We’re on the visitors’ terrace at Frankfurt Airport overlooking the airfield. At the gates at Terminal 2 we see people boarding planes that will take them to São Paulo, Tokyo or Los Angeles. “My plane to New York leaves in three hours,” Uwe says, “so we have some time to talk.”
Uwe Dreher is the global marketing director for BMW i. We spoke to him over the phone a few days ago and asked him if he would share his story with us. “To prepare for the launch of the BMW i cars at the end of next year, I’m having to travel extensively,” Uwe said. “My life resembles the George Clooney movie Up in the Air. Maybe we can meet at the airport.”
And so here we are, on the visitors’ terrace at Frankfurt International Airport.
“The idea for establishing BMW i as a sub-brand of BMW started some years ago,” Uwe says. “We did global research on mobility 10 years ago and were kind of shocked by the findings. Research in Tokyo showed a change in the behaviour of young people. Until then, when you turned 18, normal behaviour had been that you wanted to get your driver’s license and bought a car. That meant freedom. Nowadays, in mega cities like Tokyo, having a car means hassle, congestion, traffic jams, parking problems. And because public transport in a city like Tokyo is perfectly well organised, you need your own car less and less.”
“For a car manufacturer these findings are kind of worrying,” I say.
“Another finding came from San Francisco, from the upscale residential areas,” Uwe continues. “Traditionally, in the parking lots in front of the expensive houses, you would find upscale cars, like BMW or Porsche. But research showed that, increasingly, cars like the Toyota Prius hybrid were replacing the high-end luxury cars. Sustainability was the new chic!”
“Interesting findings,” I say, “but that was 10 years ago. What has happened since then?”
“We did some field trials,” Uwe says. “We developed our electric Mini E and BMW ActiveE fleet to gain widely applicable hands-on experience. The BMW Group is the world’s first manufacturer of premium automobiles to deploy a fleet of over 600 all-electric vehicles for private use in daily traffic.

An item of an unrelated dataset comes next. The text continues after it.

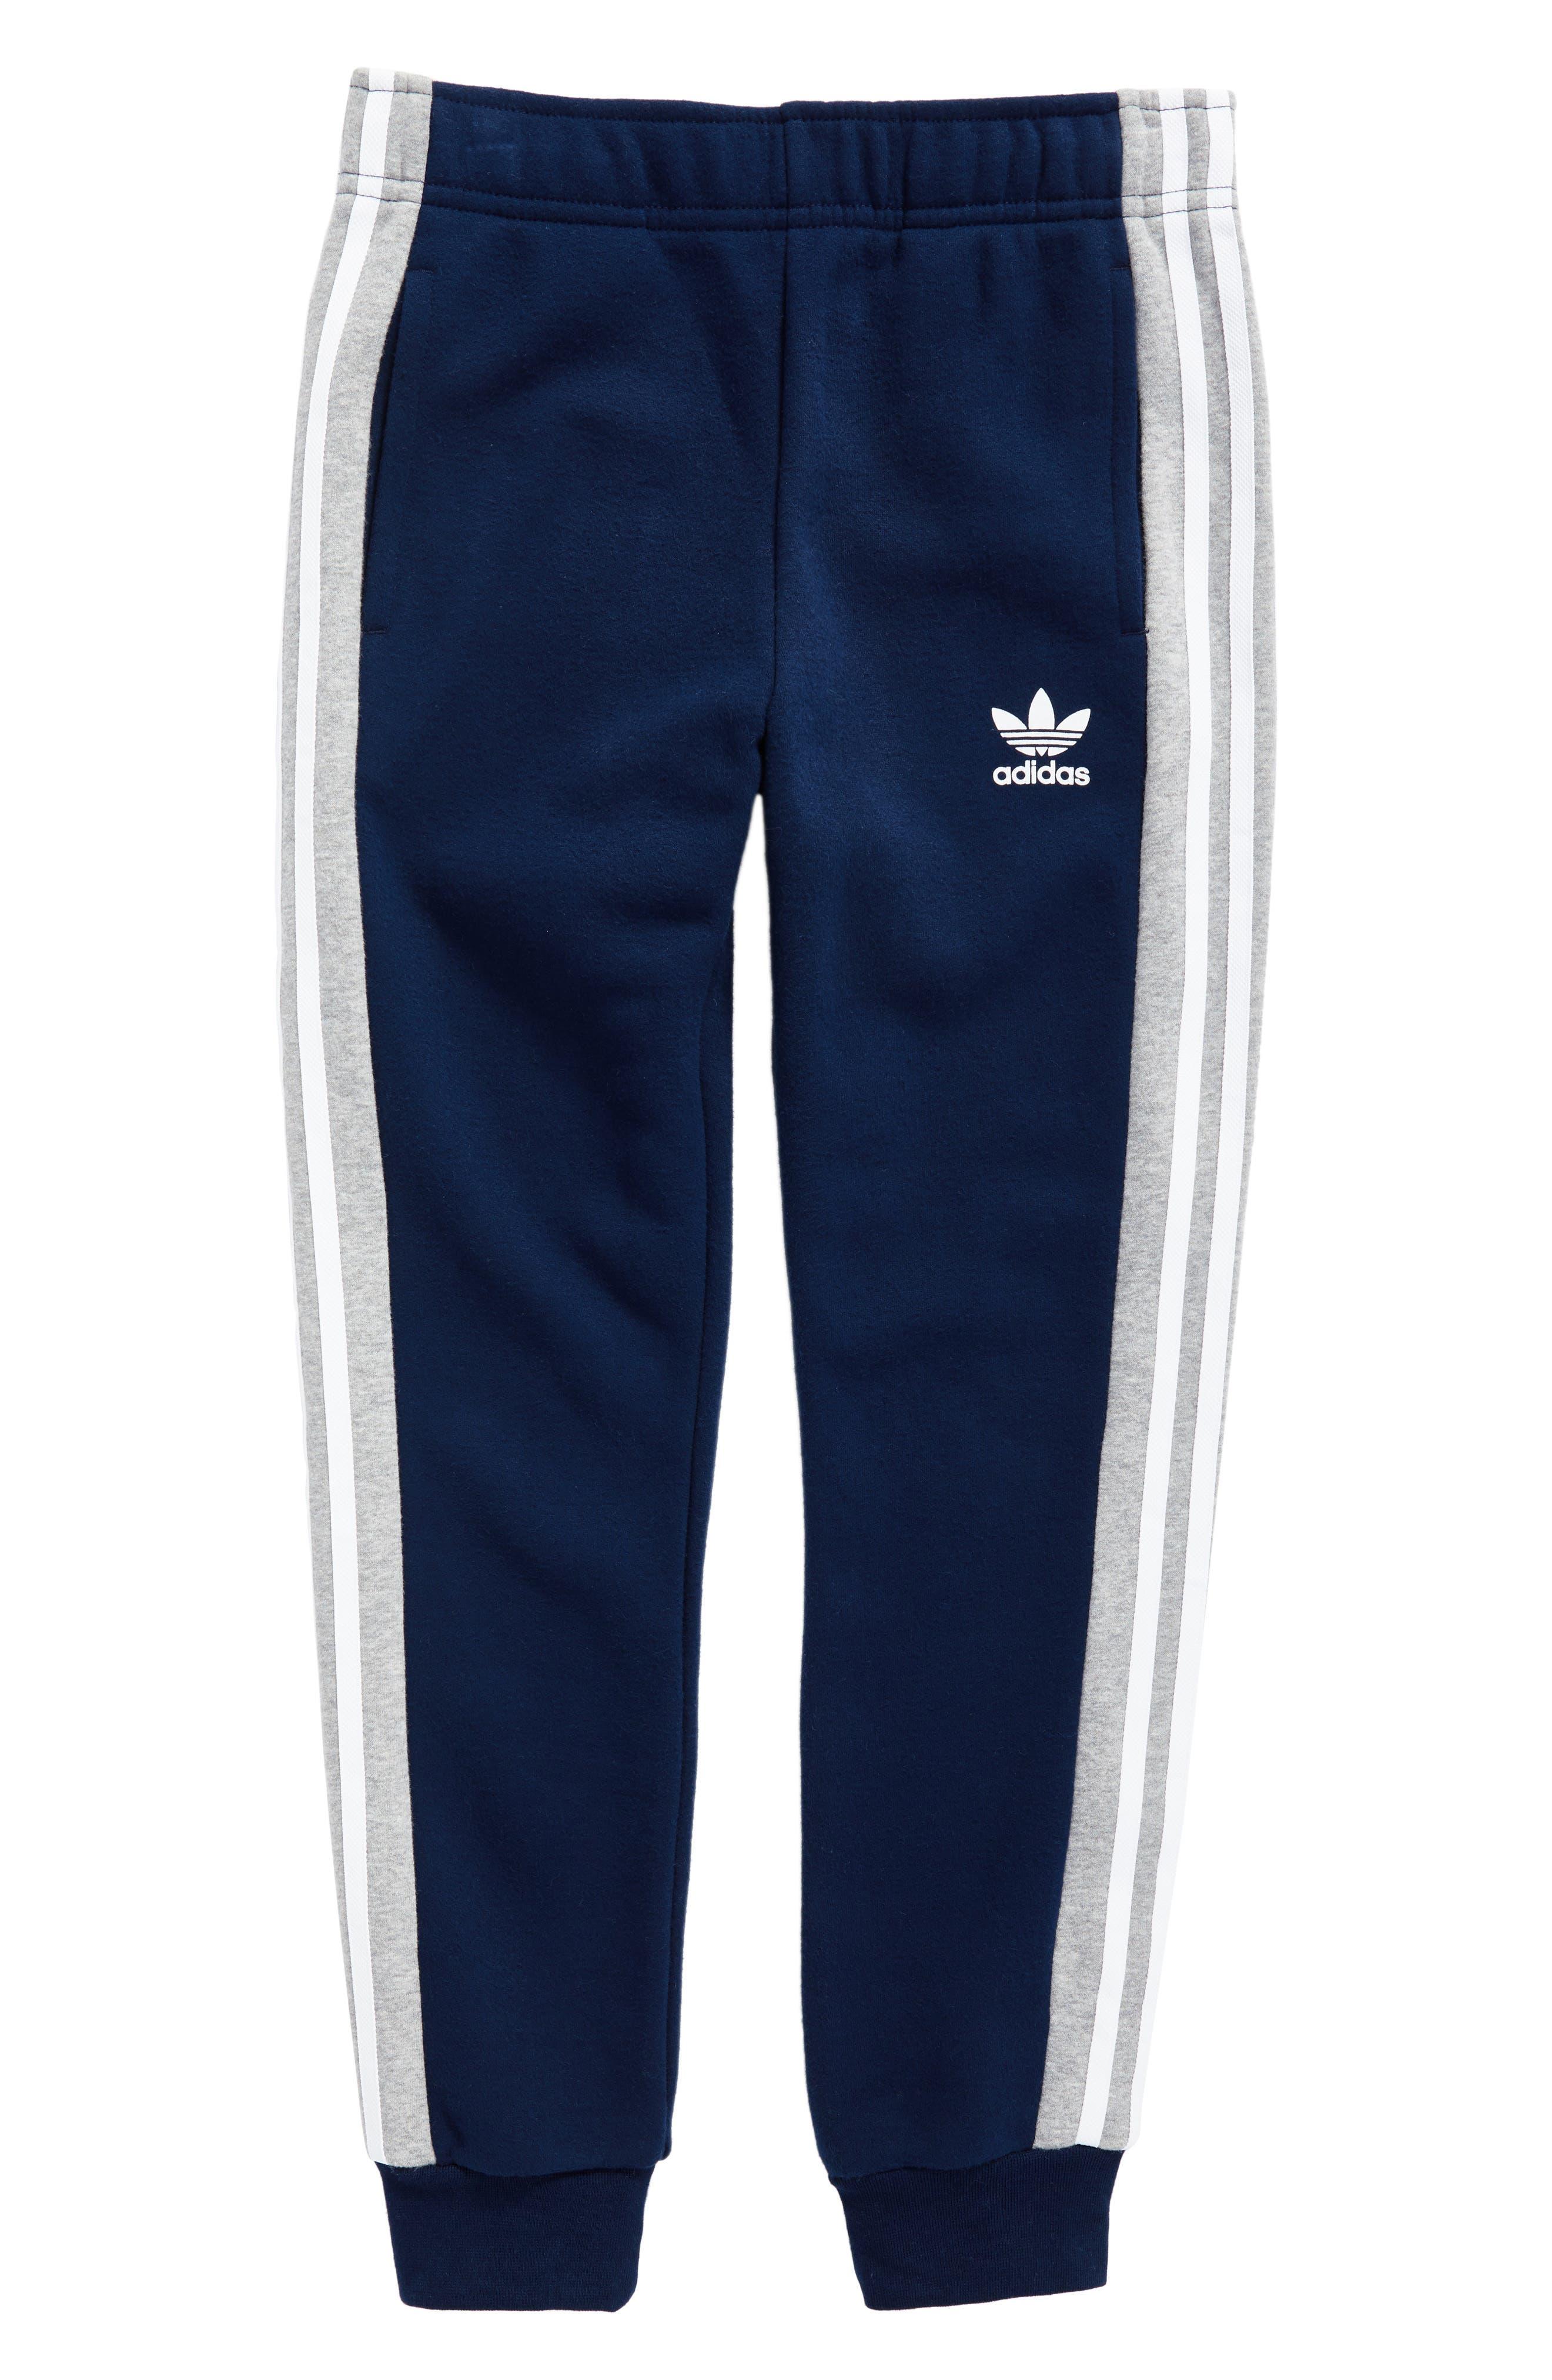 adidas FL Jogger Pants,                             Main thumbnail 1, color,                             Collegiate Navy/ Medium Grey
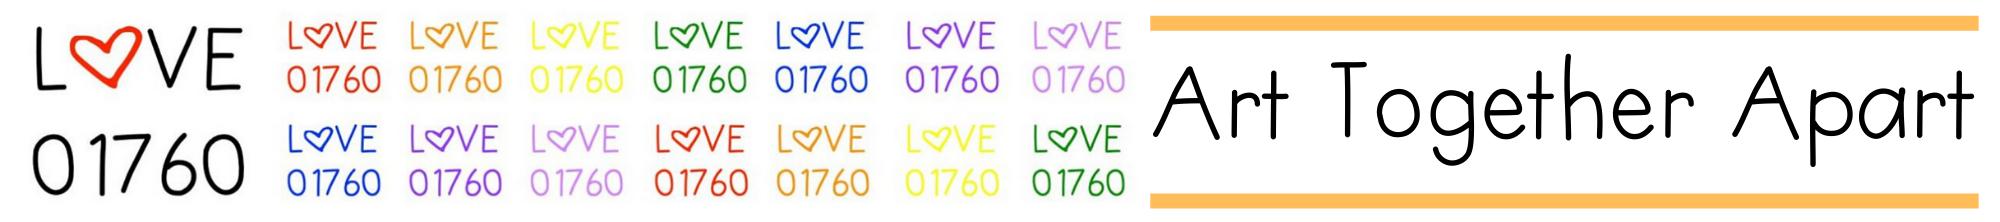 Love01760

We knew that putting electric components into a car designed for a fuel engine was not the solution.”
“And behind the scenes?” I ask. “What was the secret plan, behind the scenes?”
“We started from scratch, defining the next generation electric car, an electric born car,” Uwe says. “Why does a modern car look the way it does? Because it is based on the traditional conception of what a car should look like. Not this one, which we call a purpose-built electric car.”
The sound of an aeroplane taking off, forces Uwe to pause for a second. We follow the plane as it accelerates down the runway and lifts off. “BMW i is not just cars,” Uwe says as the decibels fade away. “It’s a global mobility project, for which I travel a lot.”
“Have you reached the ‘über elite black card ConciergeKey frequent flyer status’ already?” Maarten asks. “You said your life resembles George Clooney’s in Up in the air. In the story he’s trying to get to 10 million frequent flyer miles.”
“I remember,” Uwe says, “No, it’s not that bad.
“In my story, the idea is to answer the two trends,” he continues. “The sustainability chic in San Francisco and the mobility issues in mega cities like Tokyo. The car gives answers to the first one. The BMW i3 will be the most advanced electric car in the world. And it will be the most sustainable car in the world – in production, in use, and in recycling.”
Uwe pauses for a few seconds to let his words sink in.
“For the mobility issues in mega cities we had to come up with a concept beyond the most advanced electric car,” Uwe continues. “In addition to the vehicles themselves, the mobility services are another component of BMW i. Not everybody in the world’s major urban centres still wants to own their own vehicle. Together with Sixt, the car rental company, we created a state-of- the-art mobility service called ‘DriveNow’, a free-floating car-sharing system, aiming precisely at this market. The special highlight of this service is that vehicles do not have to be picked up from and returned to specific locations but can be hired and left wherever the customer wishes.”
“So when I’m in San Francisco, in the Golden Gate Heights,” Maarten says, “and I want to go for a ride to Fisherman’s Wharf, I look on the DriveNow app on my mobile phone, to see where I can pick up a car?”
“So I drive my BMW or MINI to the Wharf to have lunch, overlooking the San Francisco Bay,” Maarten continues, “and I look on my app to see where there is a parking space available for half a day?”
Uwe nods again. “And if you want to leave the car at Fisherman’s Wharf… that’s fine too,” he says. “Customised, flexible and above all uncomplicated. BMW i sees itself as a mobility ‘enabler’. The focus is on providing solutions for more efficient use of existing parking space, intelligent navigation systems and premium car-sharing. More innovative services are coming soon in a growing number of cities. We’ve actually only just begun.”
“Wow, can you tell us more about these mobility services?” I ask.
“I can,” Uwe says, “but then you have to take the flight to New York with me, that would give us an extra eight hours.”